A busy week
This has been the first full working week of the new year and it’s been a busy one. As well as Monday’s Queenpark Residents Group meeting which I discuss below I spent all day Tuesday in licensing related meetings and Wednesday at an extended ward business meeting which took up much of the day. Thursday brought a series of internal meetings about the Council’s capital programme and budget for 2023-24, of which more later, and on Friday I had training on sitting on the council’s employee Appeals Committee, which is one of my roles.
Buses
The school bus from Cawdor to Nairn Academy is now being operated by Highland Council and that then runs through the day as the Nairn Town Service, which was previously the 21. It’s now running as the 251, but to the same timetable .
After some gentle arm twisting the new year has also seen changes in the school services from Auldearn and Lochloy to the Academy with separate Stagecoach buses now serving these routes which should hopefully improve the service for everyone.
Nairn Access Panel
In my last post I talked about the work which is now underway to install drop kerbs in Tradespark but I didn’t make clear the role of the Nairn Access Panel in making this happen.
Nairn Access Panel lobby Highland Council to highlight accessibility problems in and around Nairn that are raised by members of the public as well as by members on the panel, and they suggest possible solutions that would increase accessibility for everyone in Nairn. Areas that they have been hard at work on include step-free access at Nairn railway station, better access at the beach, improved countryside paths, and most importantly, the general accessibility of the pavements and shops and social venues in town.
Séamus McArdle of the Panel wrote to me last week:
We are very pleased that our long standing work and ongoing discussions to encourage the council to drop kerbs in Tradespark to provide a safe route into the town centre has been successful. Nairn Access Panel will continue to push for the provision of dropped kerbs in all the housing schemes in Nairn to enable disabled people (and subsequently everyone) a safe, active routes around town.

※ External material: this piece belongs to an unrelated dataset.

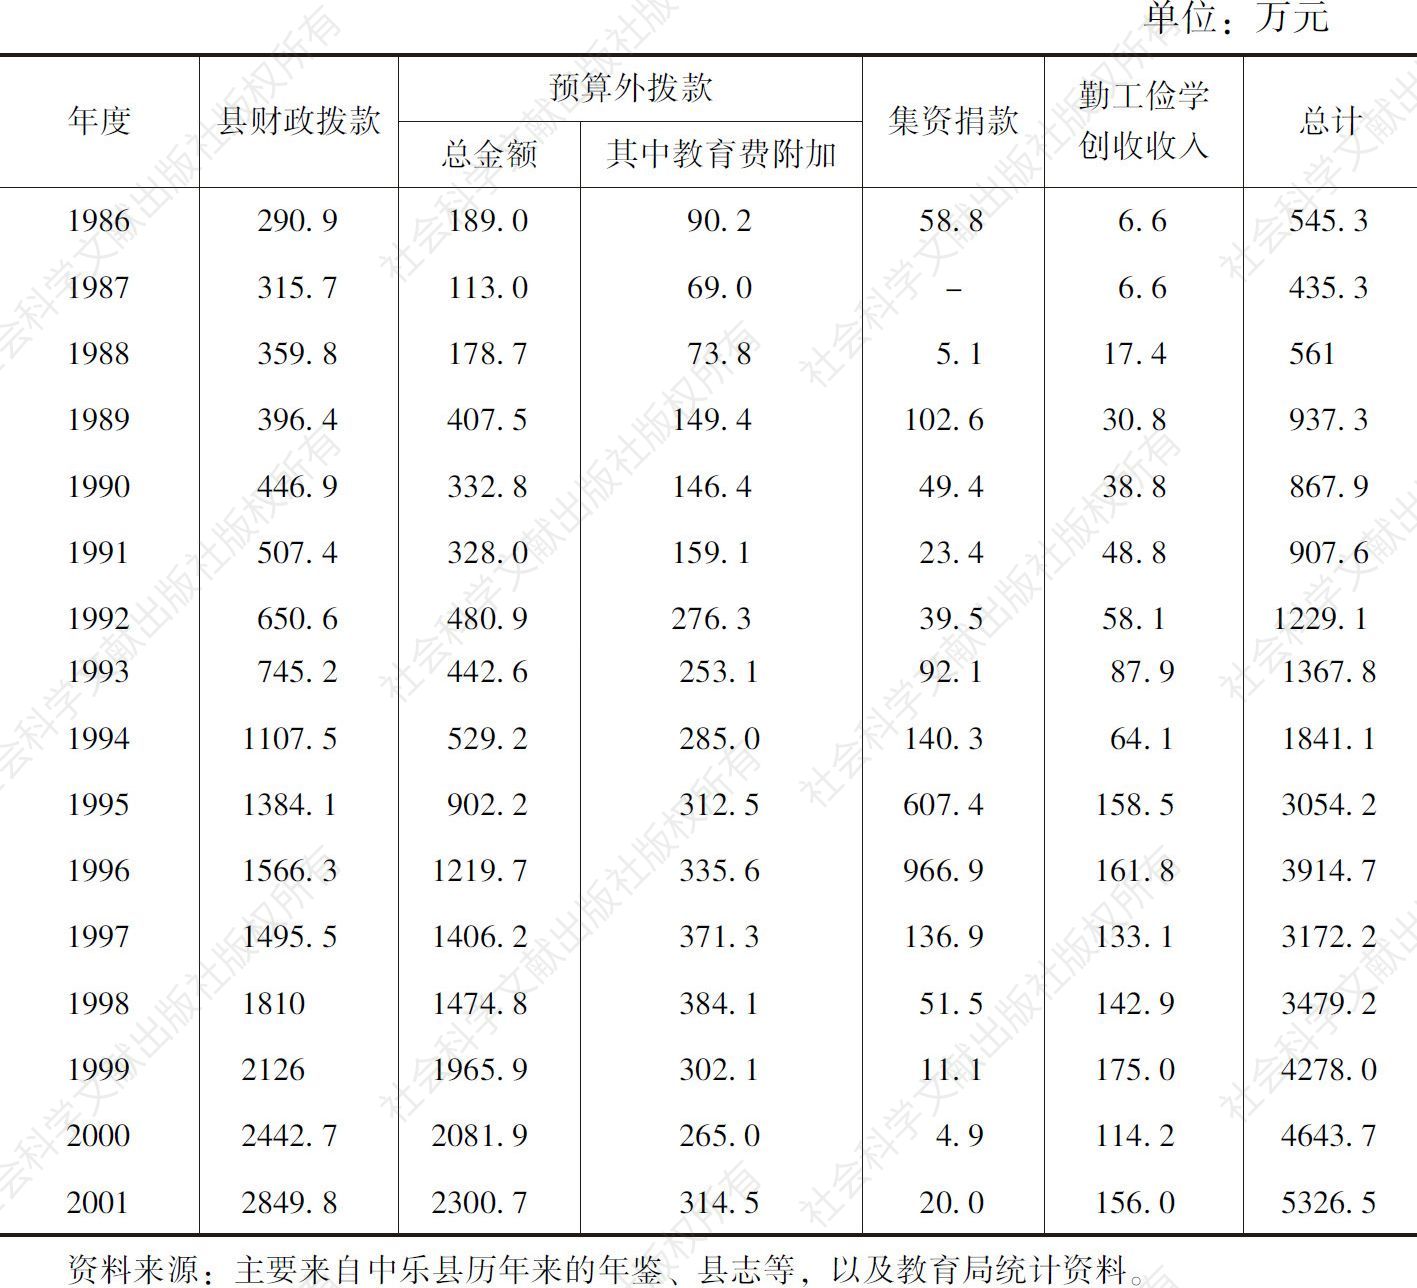 表2-1 历年来中乐县教育经费投入基本情况统计
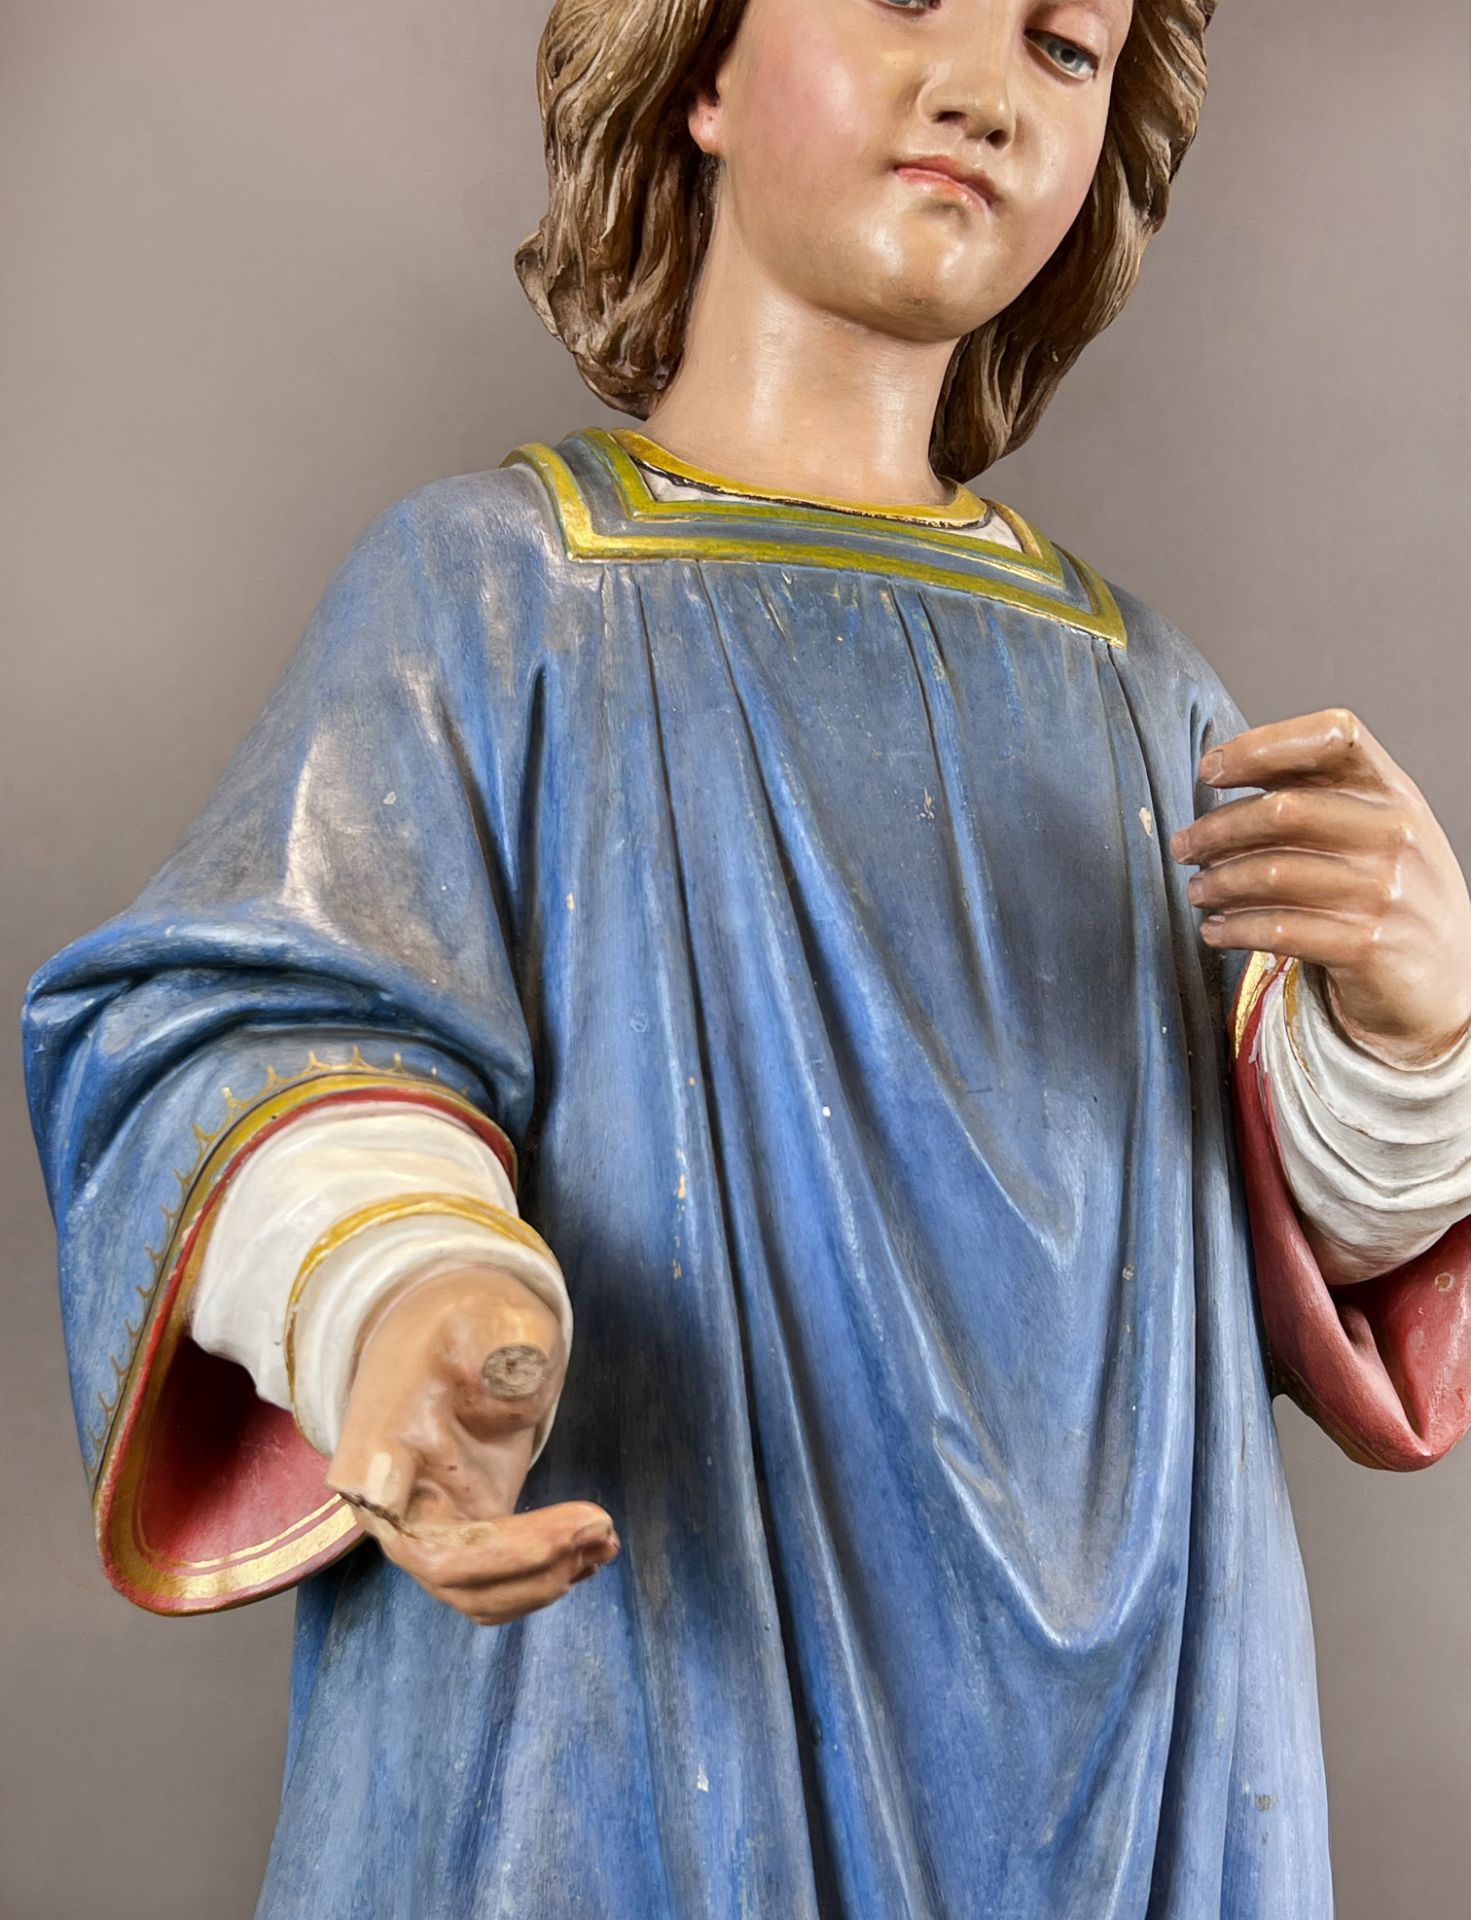 Heiligenfigur. Nazarener. Um 1900. Wohl Italien. - Bild 10 aus 14

Queenspark Residents Group
I attended a meeting of the group on Monday where a number of issues were raised including antisocial behaviour of various sorts and an infestation of rats.
The latter is now a real problem affecting many households. Council officers are actively involved and it looks like professional pest controllers are going to have to visit but residents need to do their bit too to help keep homes rat free, in particular not leaving piles of rubbish in gardens or leaving food scraps out for "birds" as this provides nesting and food for rats. Hopefully these actions, taken together, will help get this problem under control.
Meanwhile your ward councillors have arranged for the local chief police officer to attend our next meeting so that we can discuss issues around policing on the estate and we will continue to liaise with the Residents Group and council officers to try to resolve the issues they are reporting.
Cromarty Firth Freeport
We finally had the news this week that a “Green” freeport is to be established in the Highlands based around Cromarty Firth. The council leader, Raymond Bremner, was at the launch with the Prime Minister and afterwards published this statement. The Scottish Government also posted a news article about this and the other new freeport.
I first wrote about this project, then called Opportunity Cromarty Firth, back in July so if you want to know more about it that’s a good place to start and you’ll discover that the area around Nairn does form part of the wider freeport area, although we’re not going to be a freeport.
Hopefully this freeport will bring benefits to the whole of the Highlands but especially to the region around Cromarty Firth where it should attract the new jobs that the area is desperately short of.
For us here in Nairn & Cawdor I suspect the economic impact will be relatively small. The core of the freeport is a good hour’s drive away but there is an area in Inverness - the Port of Inverness, the former Longman Landfill, and Inverness Campus - which also form part of the freeport so some people working there may choose to live in Nairn, especially when and if the A96 is (finally!) duelled.
We will also need to keep a watchful eye on the potential environmental impacts and other issues arising from increased shipping movements in the inner Moray Firth.